Indian traditional medicinal plants in ophthalmic diseases

Sana Nafees 1, Jamal Akhtar 2, Jasbir Kaur 1,*
PMCID: PMC9768859  PMID: 36583172

Abstract

Objective:

Traditional herbal plants have been in use since ancient times to treat ophthalmic conditions; so, the aim of this study is to evaluate some potent Indian traditional medicinal plants used in ophthalmic diseases in order to summarize their potential effect in ophthalmology along with their mechanism of action.

Materials and Methods:

Databases PubMed, Google Scholar, and Embase were extensively explored. Additionally, relevant textbooks and literatures were consulted to summarize most of the considerable scientific literature for the review. Search term included ophthalmology, glaucoma, cataract, trachoma, conjunctivitis, traditional medicines, Unani drugs, and ayurvedic drugs were used. Around 80 review articles were consulted from the year 1982 to 2021.

Results:

The traditional medicinal plants are easily available, cost-effective and have no associated side effects in comparison to current conventional treatments. Moreover, these drugs in oppose to modern medicine, have an inherent potential to accelerate the body’s own immunity to fight against any infection. A large volume of scientific studies has reported the beneficial effects of traditional drugs in ophthalmology.

Conclusion:

This review, therefore, describes the potential benefits and uses of some traditional medicinal plants used in ophthalmic diseases.
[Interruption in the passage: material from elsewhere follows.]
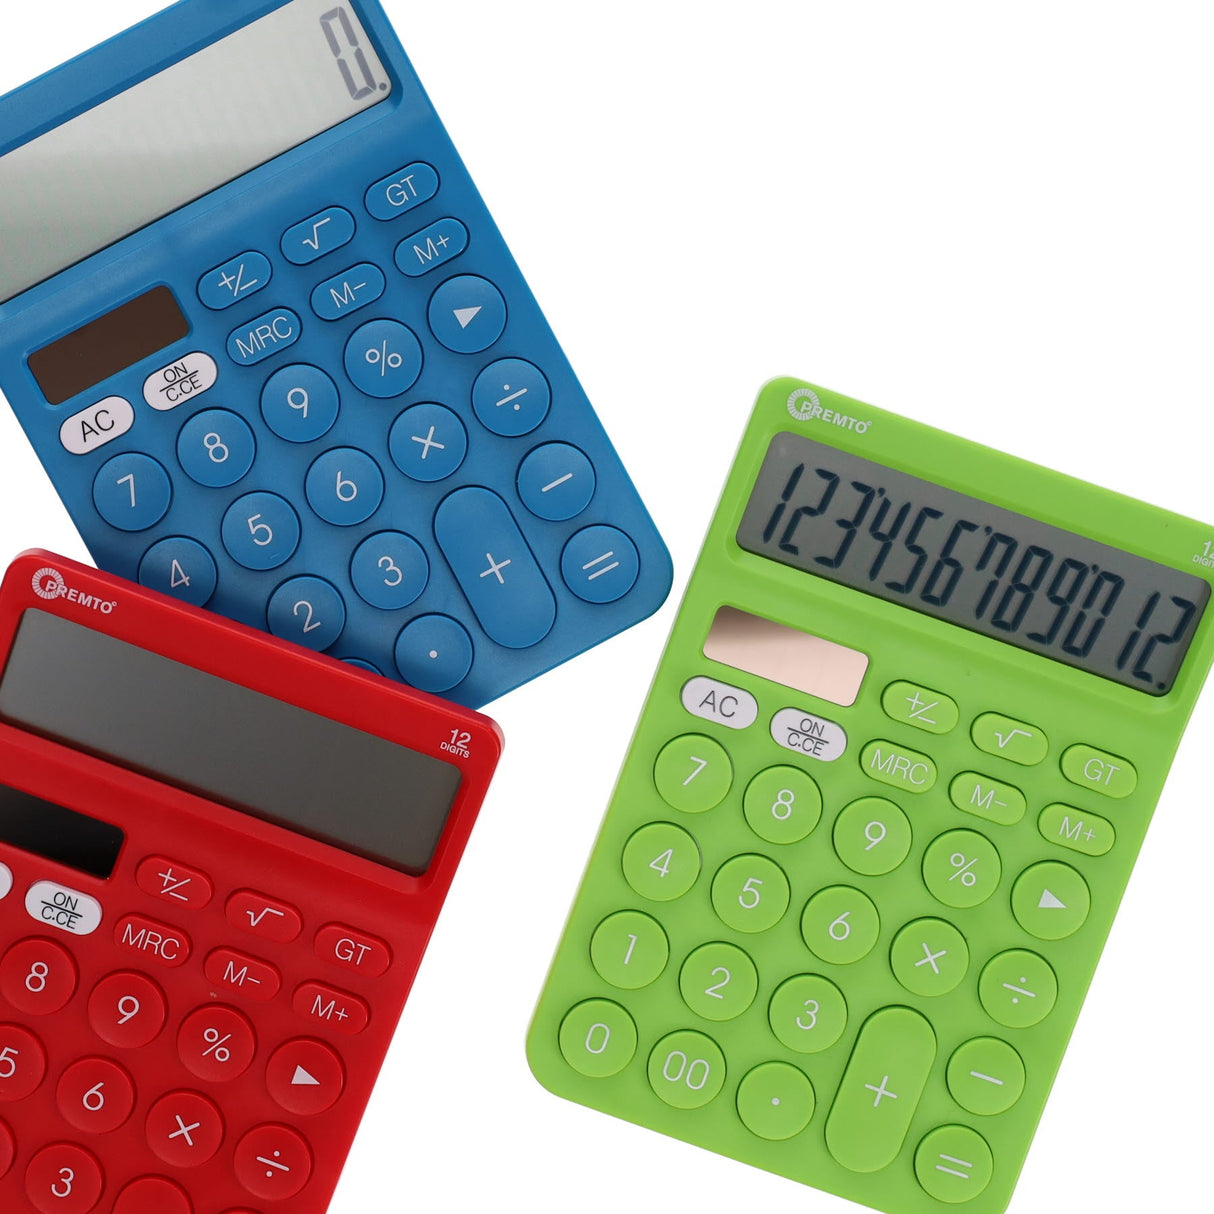 Premto Desktop Calculator Maths Essentials - Printer Blue | Stationery Shop UK

Key Words: Ophthalmology, Atropa belladonna, Crocus sativus, Coptis teeta, Foeniculum vulgare, Gingko biloba

Introduction

The eye is the most important sensory organ of the body and it is extremely complex. Ophthalmic diseases afflict a substantial portion of the population and from ancient times humans have sought natural resources in the form of flora and fauna to treat eye diseases. WHO estimates that 80% of the world population rely on medicines of plant origin for their primary healthcare (WHO, 2019). Approximately there are 200 plants distributed worldwide that have been advocated in the treatment of eye disorders and numerous plant species have been documented in Traditional Indian Medicine for their ophthalmic effects (Pooja, 2014).
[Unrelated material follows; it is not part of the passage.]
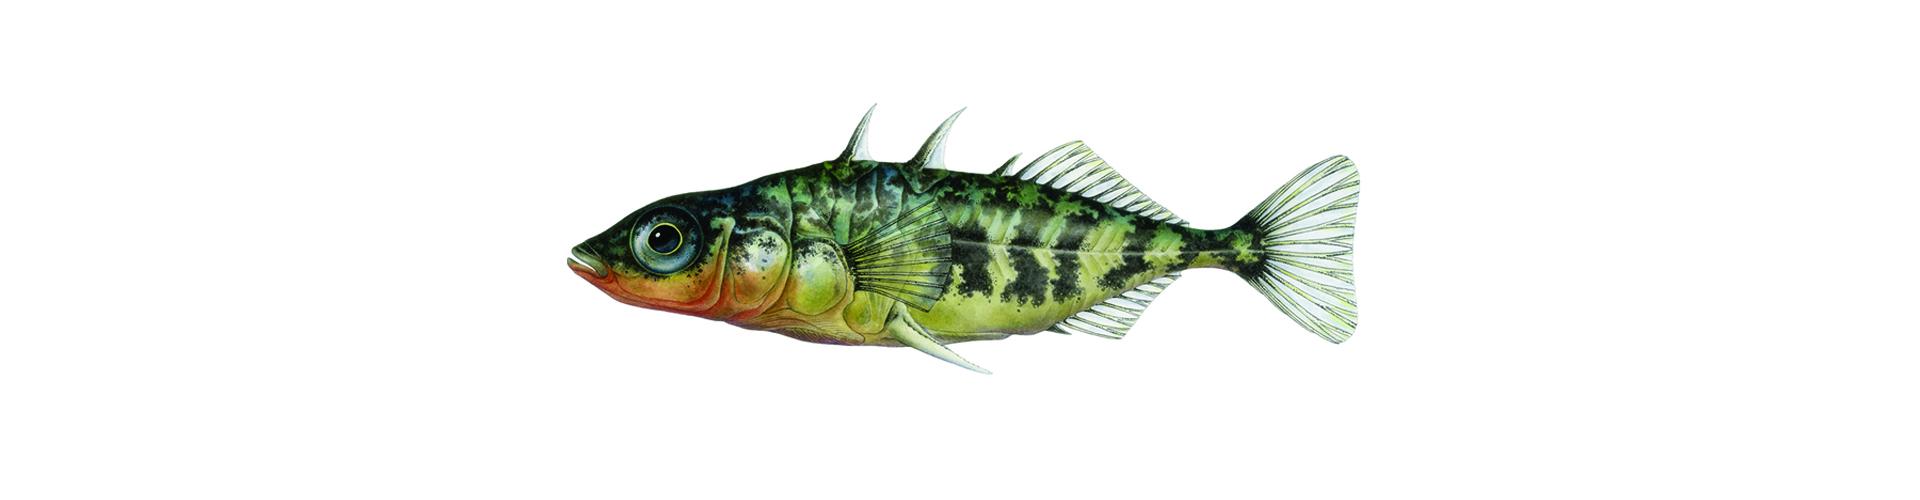 Scientific colored illustration of a green fish.

Nature has been an unlimited source of biologically-active compounds. Attempts have been made to investigate new compounds with an aim to provide substantial benefits to eye tissue and vision with less side effects and toxicity (Newman and Cragg, 2016). Emerging scientific evidence of antimicrobial, antibacterial, antioxidant, anti-inflammatory, wound-healing, antitumor, and antiangiogenic actions of traditional medicines have encouraged more research investment in this area (Pinheiro, 2018). The search for a drug that effectively lowers intraocular pressure, thereby controlling the progression of glaucoma, has led to the development of various ocular hypotensive agents, such as physostigmine from Physostigma venenosum Balf.

Discovery of plant-based antiglaucoma drugs and anaesthetizing agent for ocular tissue has led to the exponential growth in ocular pharmaceutics (Ruetsch, 2001). Despite technological advances in synthesizing drugs, the pharmaceutical industry still seeks new active compounds from natural sources as well as from revisiting already-established naturally derived compounds. However, the emergence of safer and more effective ophthalmic drugs has been depending on the scientific studies in the various areas of ophthalmology.
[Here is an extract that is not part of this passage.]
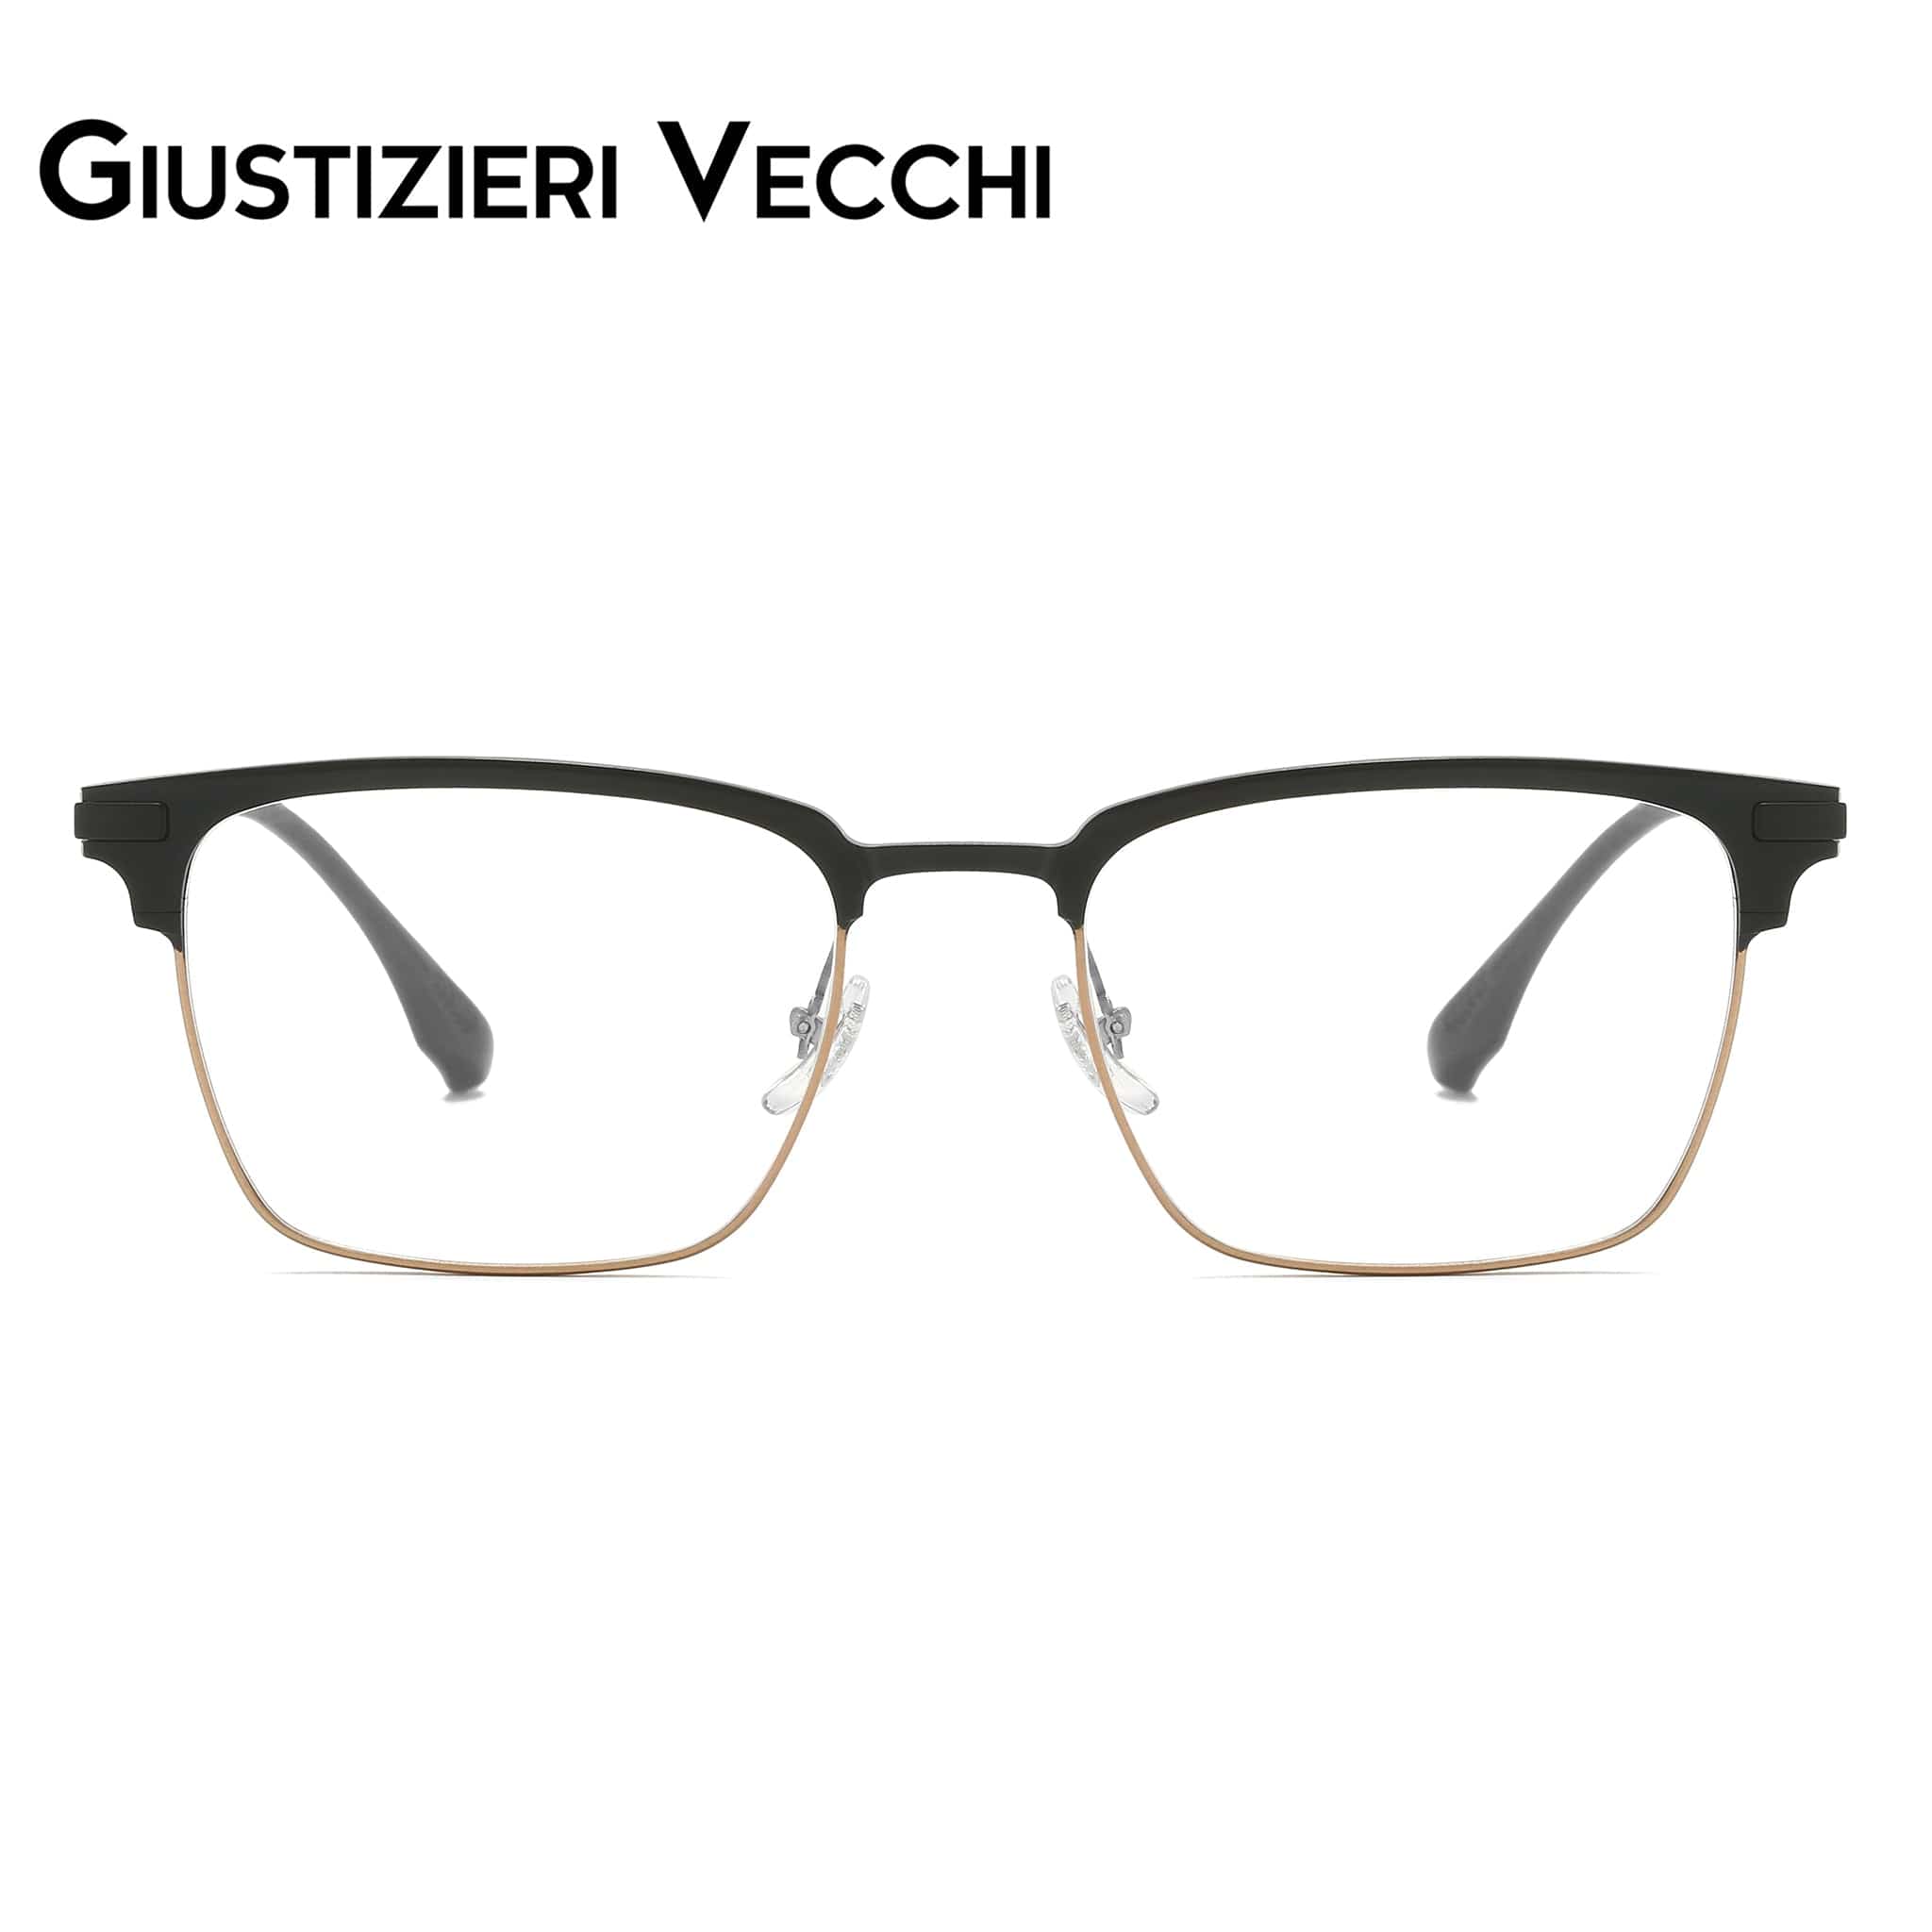 GIUSTIZIERI VECCHI Eyeglasses Medium / Black with Gold Wildflower Uno

The traditional herbal medicines have potential to overcome the limitations associated with conventional drugs. Therefore, many efforts have been made to identify new medicinal plants from different sources because of their effectiveness, particularly because they are locally available and easily consumable as raw or in simple medicinal preparations. Demand of the herbal drugs is becoming universal as the people are becoming more and more cognisant about the benefits of medicines with plant origin (Srikanth, 2014). Herbal drugs being easily affordable are becoming the first preference for the common man over purchasing the expensive modern pharmaceuticals.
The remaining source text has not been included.